Ticket creation and definition of ready

Creating new tickets

User stories

When creating new tickets you should follow the template provided:

As a X I want Y so that Z

Related issues: #I, #J

Optional extra information text goes here

Acceptance criteria:

  • A

  • B

  • C

You should fill in the first sentence, explaining the functionality required and who will use it. Make sure you link to any related work, especially prerequisites. You can add more detailed descriptions and fill in the acceptance criteria to describe what tasks need to be completed and what testing might be needed.

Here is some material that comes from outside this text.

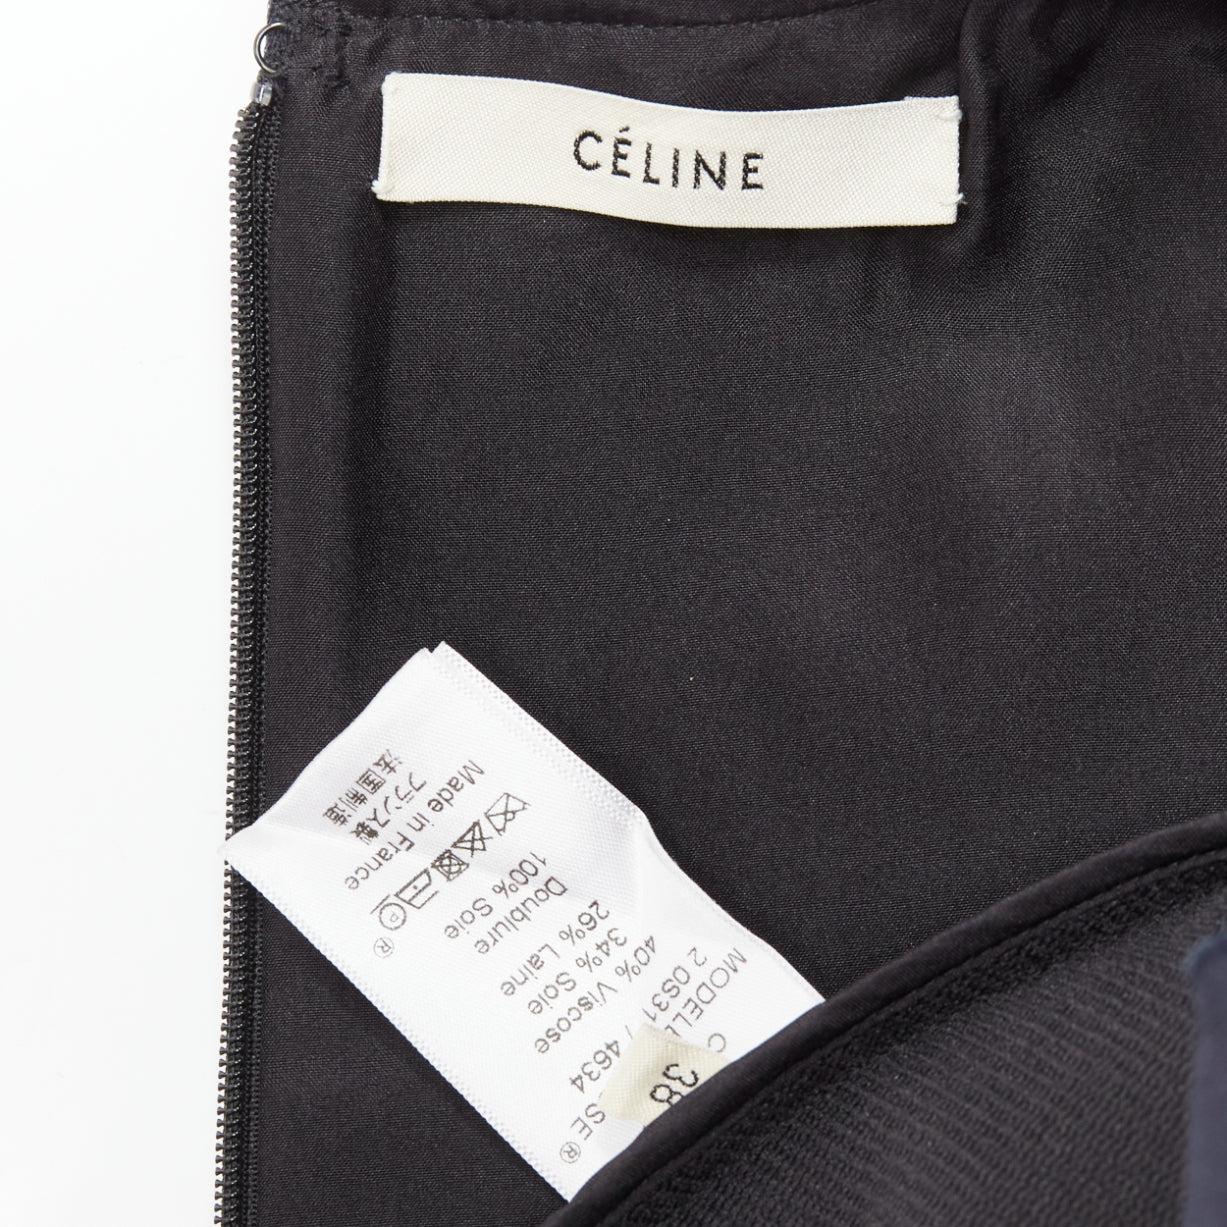 OLD Celine Phoebe Philo Runway noir twist knot splice cropped vest top FR38 M en vente 4

A good reference for understanding what a user story is is here: http://www.romanpichler.com/blog/10-tips-writing-good-user-stories/

Labelling issues

A number of labels are available for helping the categorise the available issues. Existing labels are:

Type

  • Administrative: The issue involves general administrative tasks, such as, arranging meetings.

  • Bug: The functionality is not behaving as expected.

  • Documentation: The addition and/or improvement of documentation, either within the code, or in terms of writing documents and reports.

  • Enhancement: An enhancement to existing functionality.

  • Feature: New functionality that does not yet exist in the project.

  • Investigative: A more open-ended investigation, into a technical or scientific development, which may or may not lead to future work to implement the results of the investigation.

  • Maintenance: Improvements to the design, structuring and/or behaviour of a function. Can be viewed as the removal of minor technical debt to improve the supportability and maintainability.

  • Optimisation: An optimisation task mostly focussed on improving the timeliness of processing.

  • Review: A review of the current status of a piece of functionality is required, ahead of starting more work.

  • Technical Debt: Previous issues have resulted in the accumulation of technical debt. These issues do the groundwork to remove the technical debt.

Inactive:

  • Duplicate: A duplicate issue exists, or is already in progress to deal with the features described in this issue. Invalid: The basis of this issue is invalid, so it is not actually required.

  • Invalid: For technical, scientific, administrative or other reasons, the premise of this issue is invalid, so can not be completed.

  • Won’t fix: For technical, scientific, administrative or other reasons, it is not possible to fix the problem described in this issue, or we are acknowledging that we won’t fix this issue as it’s low priority, and alternative solutions may need to be investigated.

  • On Hold: Work started on this issue, however, the priority of this issue decreased, and is now On Hold, potentially until a firmer requirement can be established.

Problem:

  • Blocked: Progress on the issue is blocked. This may require input from others to resolve this issue, or progress of this issue is blocked until other issues have been resolved.

  • Discussion: This issue is in progress but a broader discussion is required to continue making progress, in order to better understand the requirements, or obtain input into potential solutions to the problem.

  • Help Wanted: Assistance is required, potentially in terms of an informal code review, or a dialogue to help make decisions regarding e.g. structuring, style preferences, etc.

Ready to discuss

Tickets are ready for discussion if as much information as possible has been added to the ticket by the person raising the issue. We will discuss the work to ensure that the acceptance criteria are clear and everyone understands what is involved. The splitting up of the ticket into reasonable sized chunks also needs to be considered at this stage, to aid reviewing and to ensure that the simplest and highest priority functionality is implemented first.

Tickets should:

  • Be independent

  • Be estimate-able

  • Be testable

  • Have acceptance criteria.

We also should make an effort to:

  • Make it clear how we show the product owner it is done.

  • Use the description box to provide more information as appropriate.

  • Focus on requirements (necessary outputs, processes etc.) not solutions. Put suggested solutions in the comments on the tickets for discussion when the ticket is started.

  • Use user story format ‘As … I want … so that …’.

  • Be clear enough so there is a shared understanding of the ticket.

  • List all dependencies and related work on the ticket.